Through a Glass, Darkly

Published on January 31, 2007

What the Christian Right sees when it looks at American history. By Jeff Sharlet. Originally published in the December, 2006 issue of Harper's.

What the Christian Right sees when it looks at American history.

By Jeff Sharlet

Originally published in the December, 2006 issue of Harper’s.

We keep trying to explain away American fundamentalism. Those of us not engaged personally or emotionally in the biggest political and cultural movement of our times—those on the sidelines of history—keep trying to come up with theories with which to discredit the evident allure of this punishing yet oddly comforting idea of a deity, this strange god. His invisible hand is everywhere, say His citizen-theologians, caressing and fixing every outcome: Little League games, job searches, test scores, the spread of sexually transmitted diseases, the success or failure of terrorist attacks (also known as “signs”), victory or defeat in battle, at the ballot box, in bed. Those unable to feel His soothing touch at moments such as these snort at the notion of a god with the patience or the prurience to monitor every tick and twitch of desire, a supreme being able to make a lion and a lamb cuddle but unable to abide two men kissing. A divine love that speaks through hurricanes. Who would worship such a god? His followers must be dupes, or saps, or fools, their faith illiterate, insane, or misinformed, their strength fleeting, hollow, an aberration. A burp in American history. An unpleasant odor that will pass.

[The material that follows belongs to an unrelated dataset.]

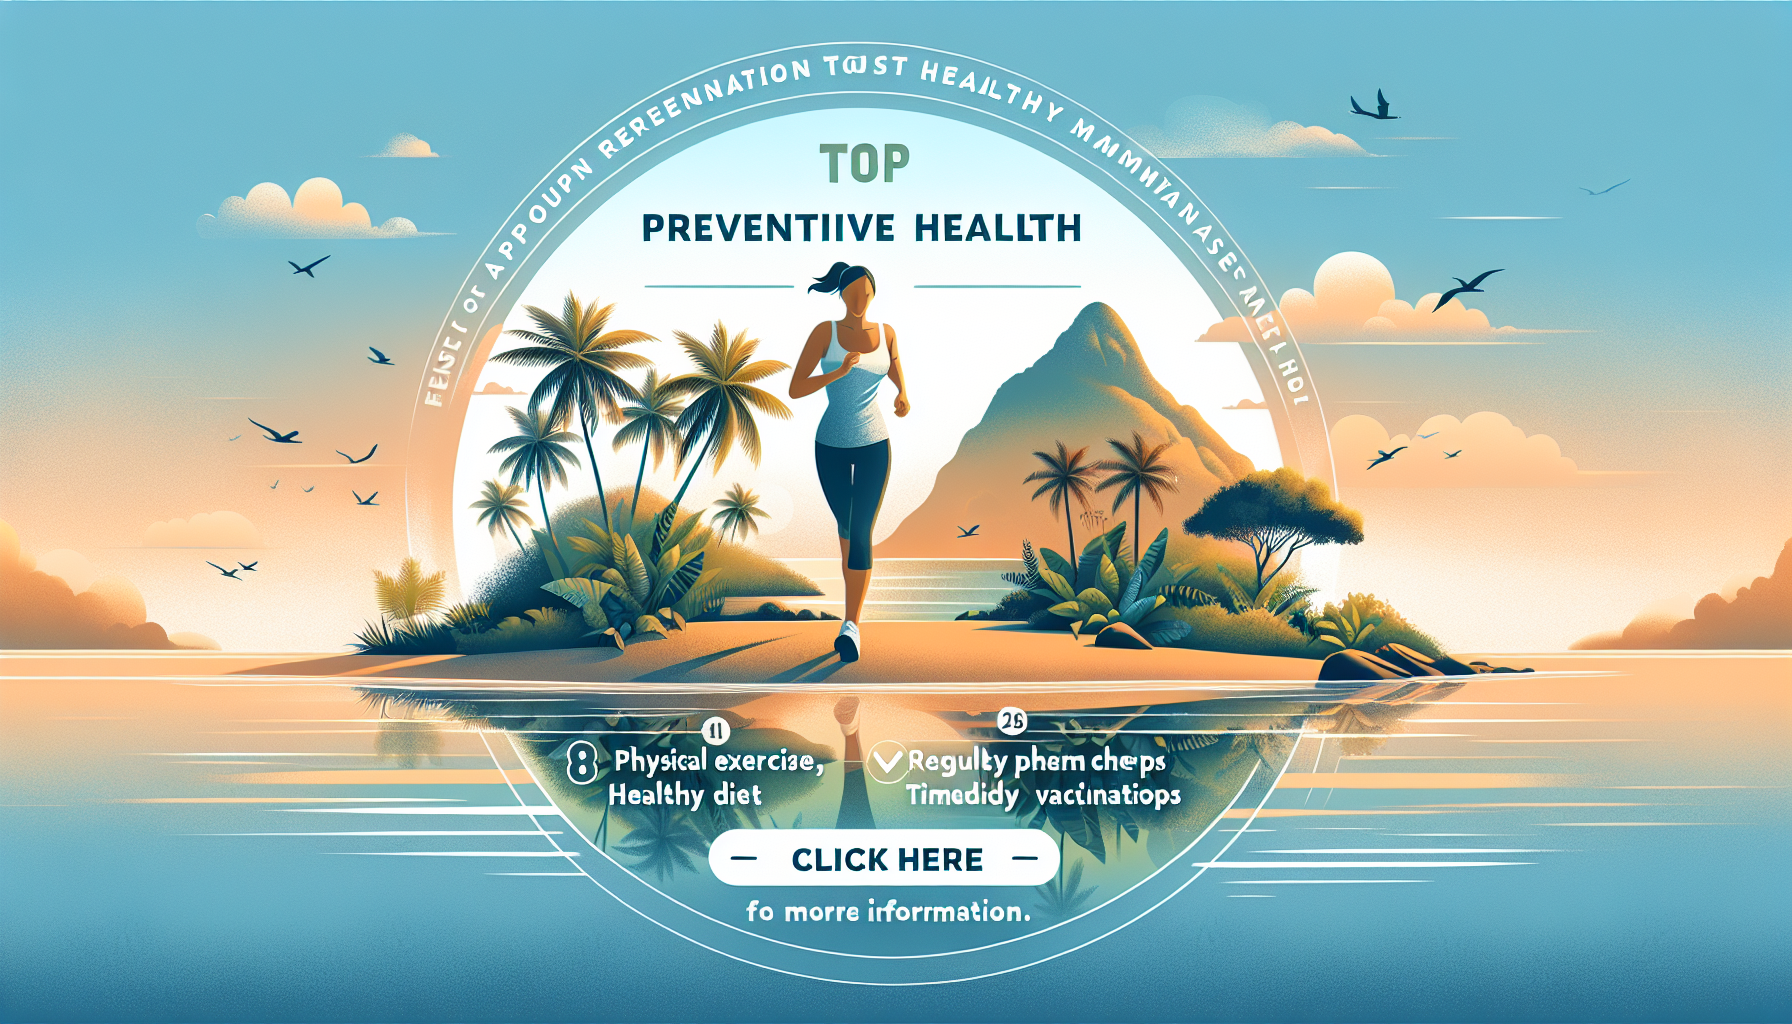 découvrez les dispositifs de suivi préventif pour la mutuelle santé à la réunion et assurez-vous de rester en bonne santé tout au long de l'année grâce à notre guide complet.

We don’t like to consider the possibility that they are not newcomers to power but returnees, that the revivals that have been sweeping America with generational regularity since its inception are not flare-ups but the natural temperature of the nation. We can’t conceive of the possibility that the dupes, the saps, the fools—the believers—have been with us from the very beginning, that their story about what America once was and should be seems to some great portion of the population more compelling, more just, and more beautiful than the perfunctory processes of secular democracy. Thus we are at a loss to account for this recurring American mood.

Is “fundamentalism” too limited a word for a belief system of such scope and intimacy? Lately, some scholars prefer “maximalism,” a term meant to convey the movement’s ambition to conform every aspect of society to God. In contemporary America—from the Cold War to the Iraq War, the period of the current incarnation’s ascendancy—that means a culture born again in the image of a Jesus strong but tender, a warrior who hates the carnage he must cause, a man-god ordinary men will follow. These are days of the sword, literally; affluent members of the movement gift one another with real blades crafted to medieval standards, a fad inspired by a bestselling book called Wild at Heart. As jargon, then, “maximalism” isn’t bad, an unintended tribute to Maximus, the fighting hero of Gladiator, which is a film celebrated in Christian manhood guides as almost supplemental scripture. But I think “fundamentalism”—coined in 1920 as self-designation by those ready to do “battle royal for the fundamentals,” hushed up now as too crude for today’s chevaliers—still strikes closest to the movement’s desire for a story that never changes, a story to redeem all that seems random, a rock upon which history can rise.

If the term “fundamentalism” endures, the classic means of explaining it away—class envy, sexual anxiety—do not. We cannot, like H. L. Mencken, writing from the Scopes “monkey” trial of 1925, dismiss the Christian right as a carnival of backward buffoons jealous of modernity’s privileges. We cannot, like the Washington Post, in 1993, explain away the movement as “largely poor, uneducated and easy to command.” We cannot, like the writer Theodor Adorno, a refugee from Nazi Germany who sat squinting in the white light of L.A., unhappily scribbling notes about angry radio preachers, attribute radical religion—nascent fascism?—to Freudian yearning for a father figure.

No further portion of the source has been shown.